I remember all the advice that you had earlier in the month (I think). It did seem then by what you said that he was possibly not going to be able to make the relationship work with you.
Now it does seem that even though he may have made quite an effort to make things work, you have pushed him too far. Pushed him perhaps because you want things to be perfect and you can't just leave things - and him - to evolve naturally and when they can.You also have trust issues. You are very articulate about how you see yourself and your own character, and honest too. Tonight you are clearly blaming yourself for a bad situation which you have created and instantly regretted. Some self control is necessary when you feel like escalating something late at night and you are likely to do and say stuff which normally you would stay well away from! Maybe he just cannot be what you want when you want it and he may feel that at times you are just such high maintenance that he wants to run away from you and your issues to somewhere where he doesn't have to face up to a lot of confrontation or conflict. It does sound as if you are very needy and quite hard work; maybe if you were to make a list of what you feel might count against your having a lasting relationship with a man...learing from .too many mistakes in the past .....you might get a better handle on how you feel and the behaviour which keeps recurring and is a pattern in your life. Some counselling would probably help you greatly. Ignoring what you feel is very bad advice from your Mother is probably the best idea until you are feeling stronger and more focussed on where you are going.
Definitely give him space. Don't keep going on and on "pecking his head" with every little thought or doubt that comes into your head. Let him think, let him work, let him spend time on his own and if he comes to some conclusions of his own, whatever they may be, you need to respect those and stop pushing. People who are pushed tend to either dig in their heels or give up. On giving up, if they then have to try to be what they're really not, they end up feeling and being resentful. That's no basis for any relationship.
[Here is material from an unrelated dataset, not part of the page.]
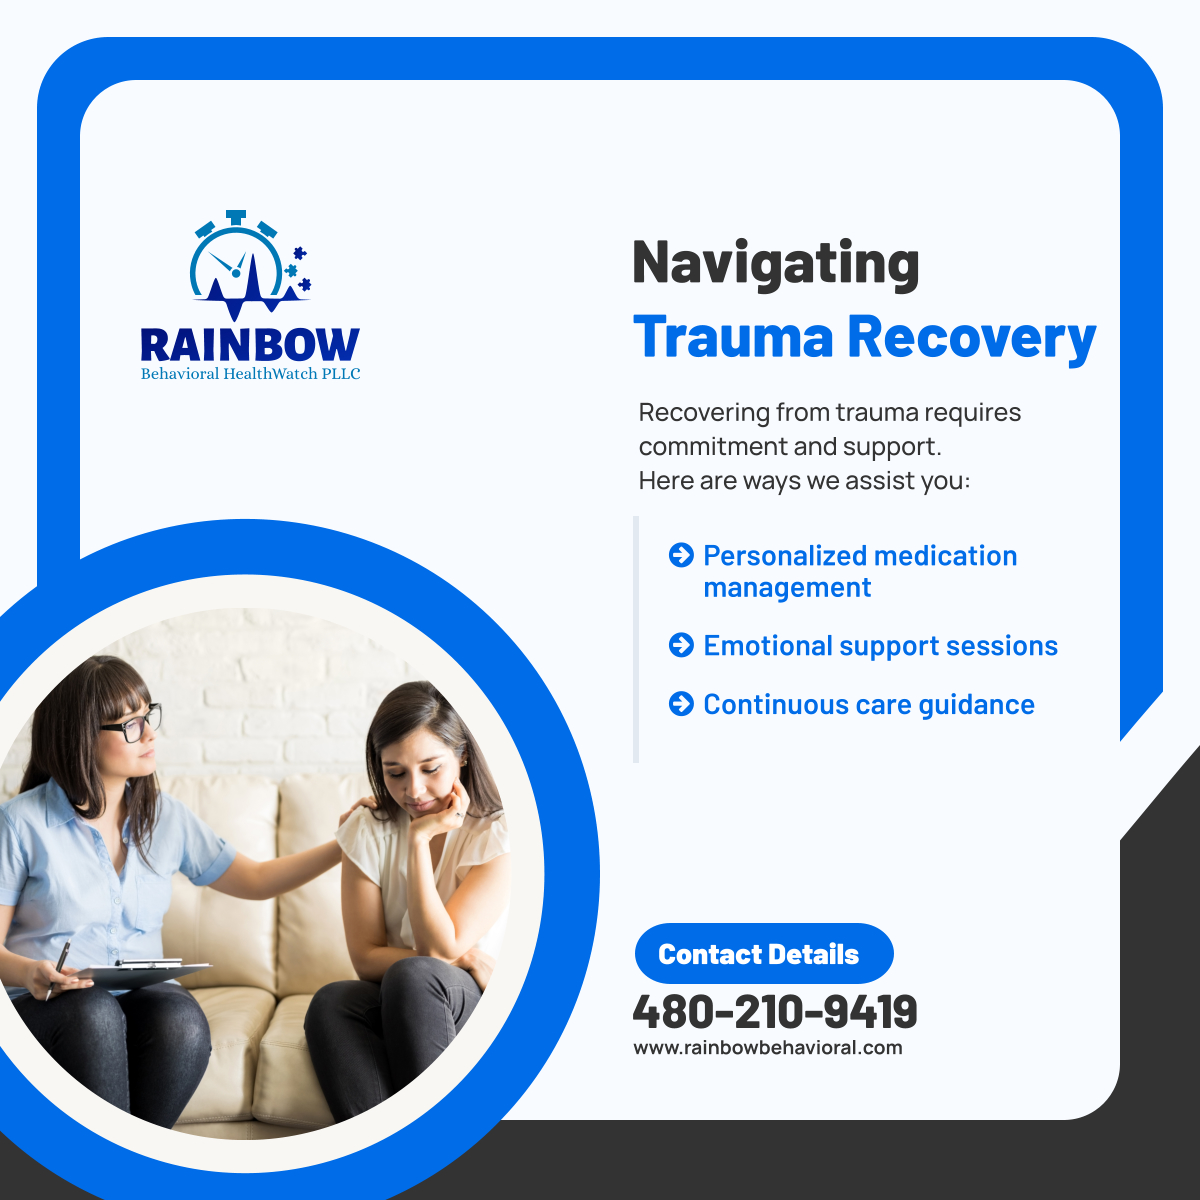 Begin your journey to recovery with our specialized support. We're committed to guiding you toward peace and resilience every step of the way. Your healing starts here.
 
#OroValleyAZ #PsychiatricTelehealth #TraumaRecovery #HealingJourney #SpecializedSupport

You were sensible to reach out for help today. You were clearly very emotional and upset and it seems that you have now calmed down and would benefit from some sleep and a clearer head tomorrow. Try to remember that nobody's died. That's not a throwaway line, I honestly feel every sympathy for you. But you do need to take all the time that you need to try to heal yourself, get some help and, if necessary at this time, understand that you can function alone and outside of a relationship. Get yourself right and then you have the best chance of being happy. Keep battering something that is really not working and that's only going to make you more unhappy. Wishing you a better day tomorrow and promise yourself, please, that rows, confrontation, loss of control and real distress are not the best way to go through life. Fix yourself if you can and you stand every chance of a happy life. Good luck!